Paper Info Reviews Meta-review Author Feedback Post-Rebuttal Meta-reviews

Authors

Mara Graziani, Iam Palatnik de Sousa, Marley M.B.R. Vellasco, Eduardo Costa da Silva, Henning Müller, Vincent Andrearczyk

Abstract

Being accountable for the signed reports, pathologists may be wary of high-quality deep learning outcomes if the decision-making is not understandable. Applying off-the-shelf methods with default configurations such as Local Interpretable Model-Agnostic Explanations (LIME) is not sufficient to generate stable and understandable explanations. This work improves the application of LIME to histopathology images by leveraging nuclei annotations, creating a reliable way for pathologists to audit black-box tumor classifiers. The obtained visualizations reveal the sharp, neat and high attention of the deep classifier to the neoplastic nuclei in the dataset, an observation in line with clinical decision making. Compared to standard LIME, our explanations show improved understandability for domain-experts, report higher stability and pass the sanity checks of consistency to data or initialization changes and sensitivity to network parameters.
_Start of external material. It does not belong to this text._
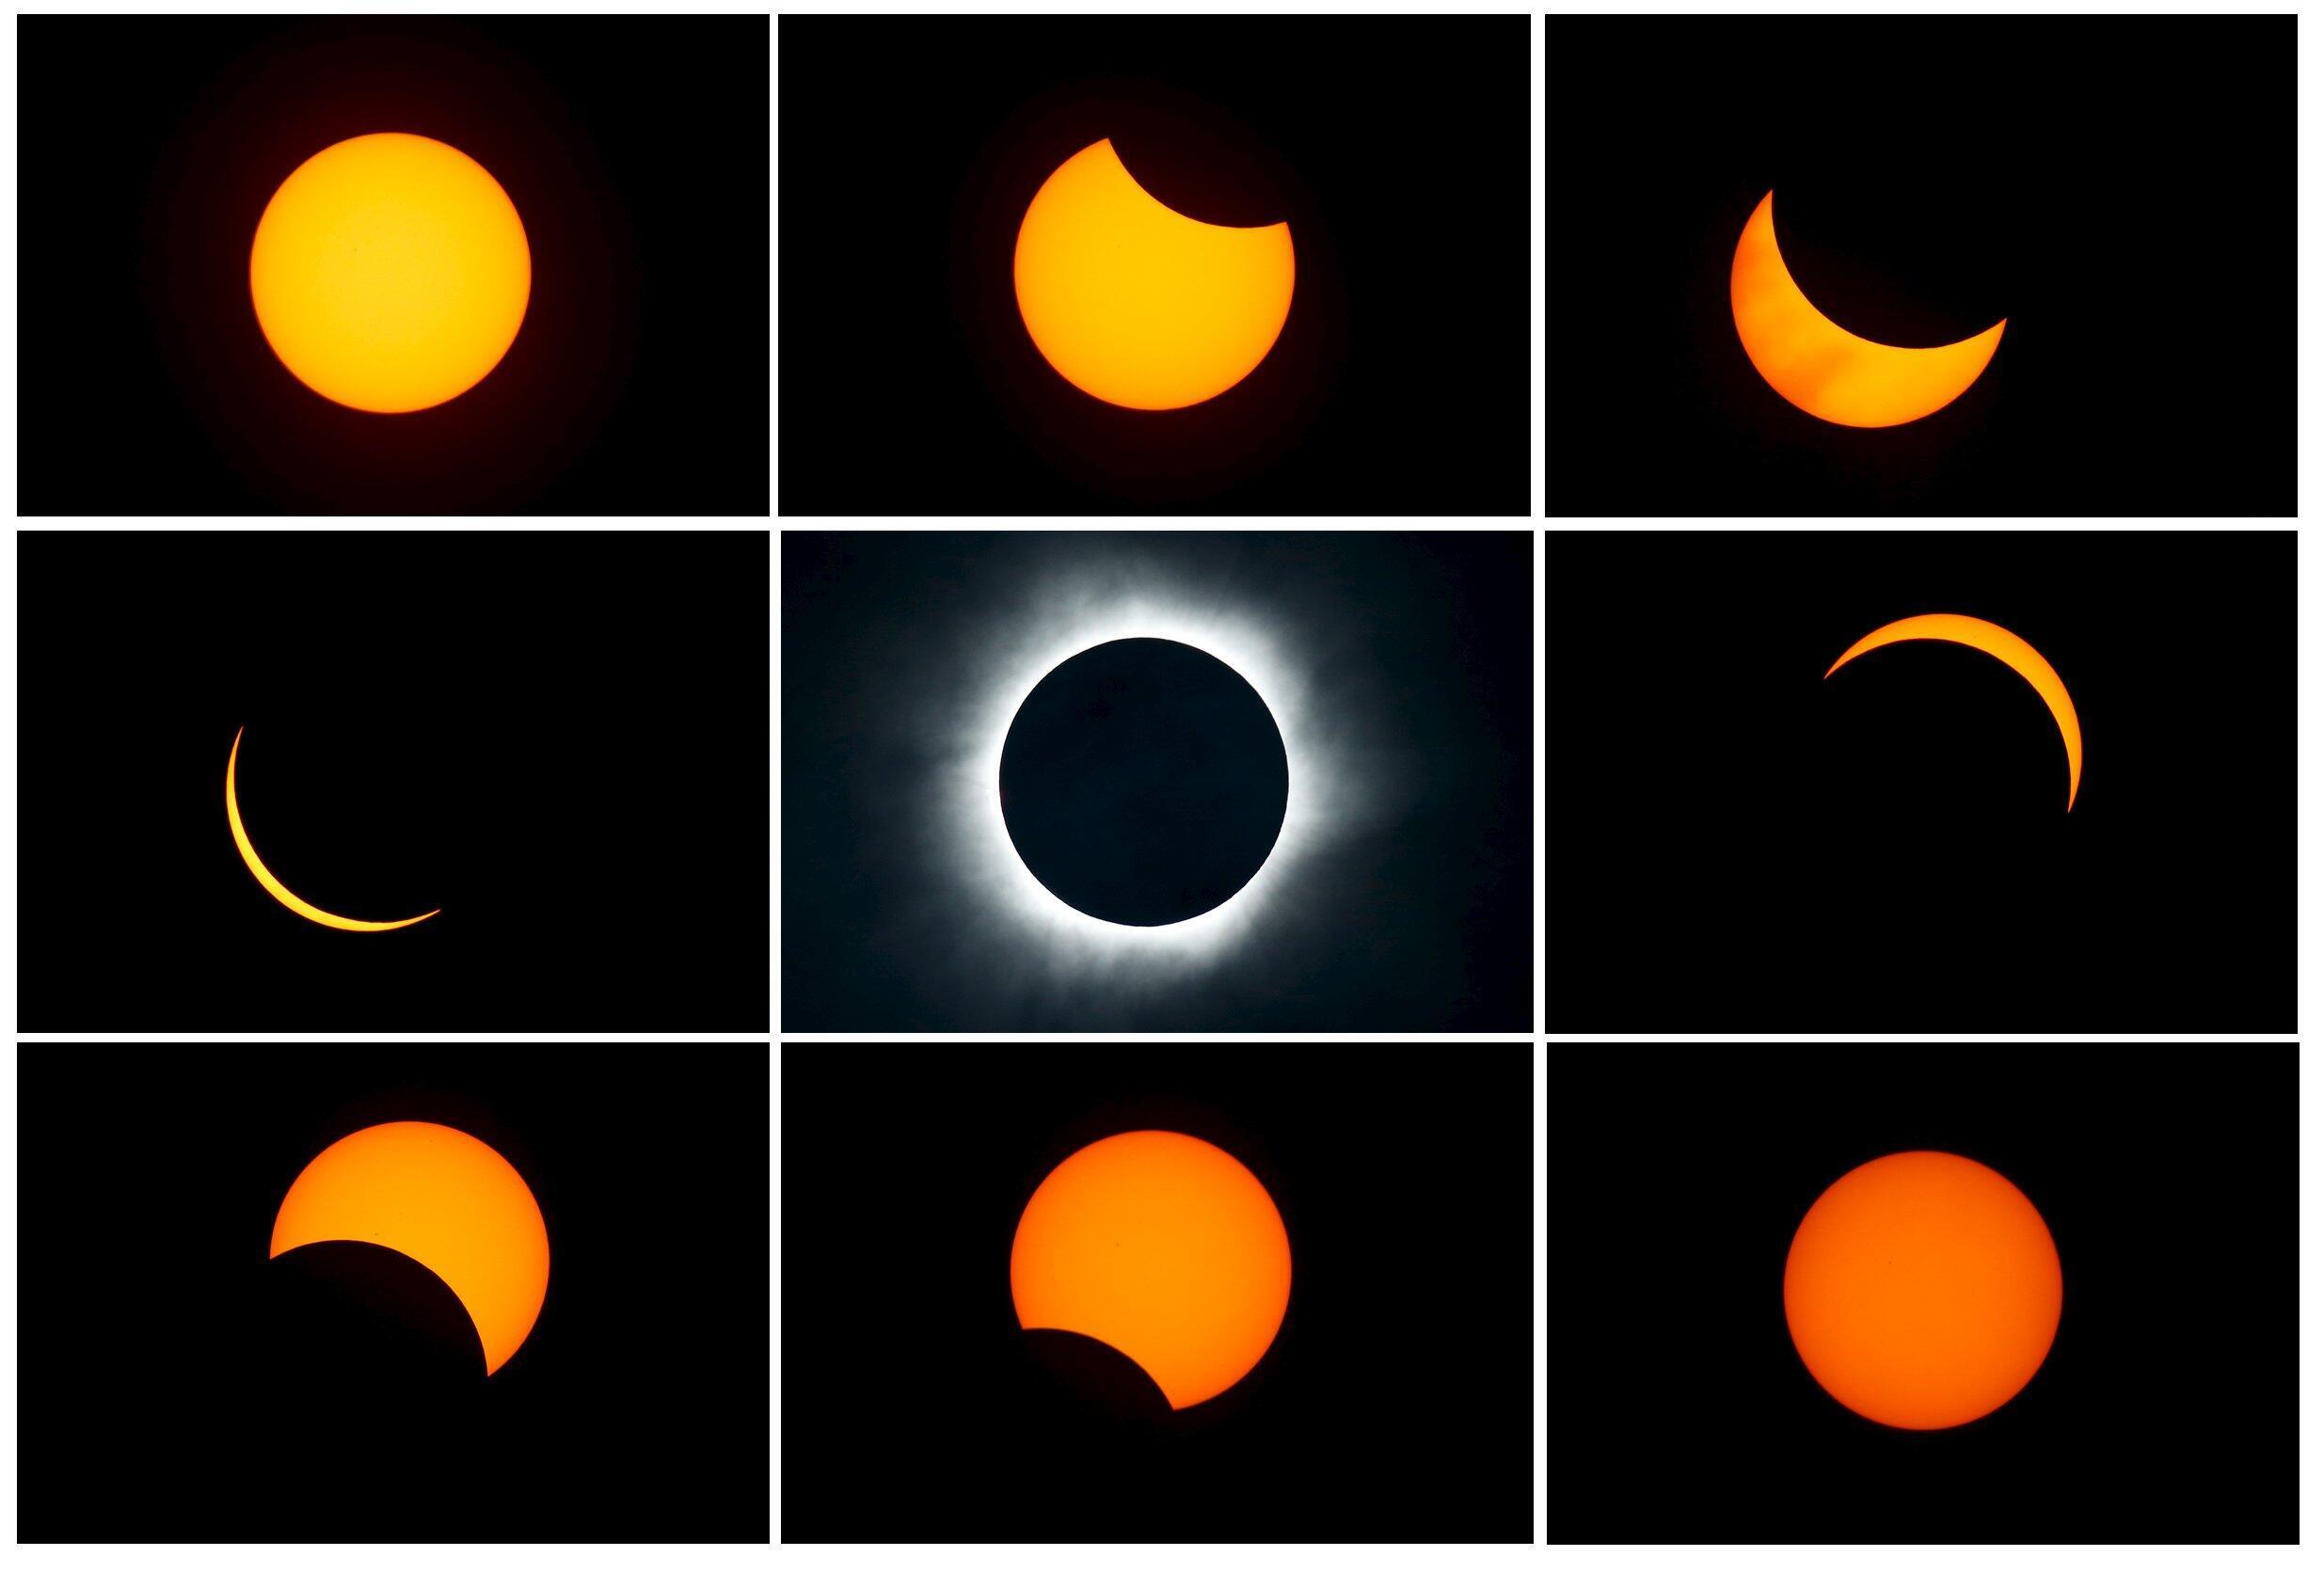 2019-12-04 astronomy sun moon total solar eclipse Ternate island Indonesia

This represents a promising step in giving pathologists tools to obtain additional information on image classification models. The code and trained models are available on GitHub.

Link to paper

DOI: https://doi.org/10.1007/978-3-030-87199-4_51

SharedIt: https://rdcu.be/cyl4L

Link to the code repository

https://github.com/maragraziani/MICCAI2021_replicate

Link to the dataset(s)

https://camelyon17.grand-challenge.org/Data/

https://warwick.ac.uk/fac/cross_fac/tia/data/pannuke


Reviews

Review #1

  • Please describe the contribution of the paper

    The authors propose a methodology to improve the reliability and explainability of saliency maps produced for histopathology. The authors propose a method that improves over the standard LIME approach which is a black box methodology for creating saliency map. The approach was tested on three publicly available datasets. The main contribution of the paper seems to be in the observation that the superpixel approach is not optimal. The authors propose to use a pre segmentation as superpixel equivalent, followed by a division of the input image into nine blocks of smaller size which improves the balance foreground to background.

  • Please list the main strengths of the paper; you should write about a novel formulation, an original way to use data, demonstration of clinical feasibility, a novel application, a particularly strong evaluation, or anything else that is a strong aspect of this work. Please provide details, for instance, if a method is novel, explain what aspect is novel and why this is interesting.

    -very relevant topic end of need for a clinical translation of deep learning technologies -selected datasets are nice and the fact that they are publicly available is a good characteristic of this study -The approach is simple yet effective.I also highlight the fact that many approaches interpretability are focusing on gradient based explanation frameworks whereas here the authors propose to work on the LIME system which aims at model agnostic

    • I appreciated the efforts from the authors to add the sanity checks as proposed by others in the past
    • The experimental setup and statistical analysis are well structured
  • Please list the main weaknesses of the paper. Please provide details, for instance, if you think a method is not novel, explain why and provide a reference to prior work.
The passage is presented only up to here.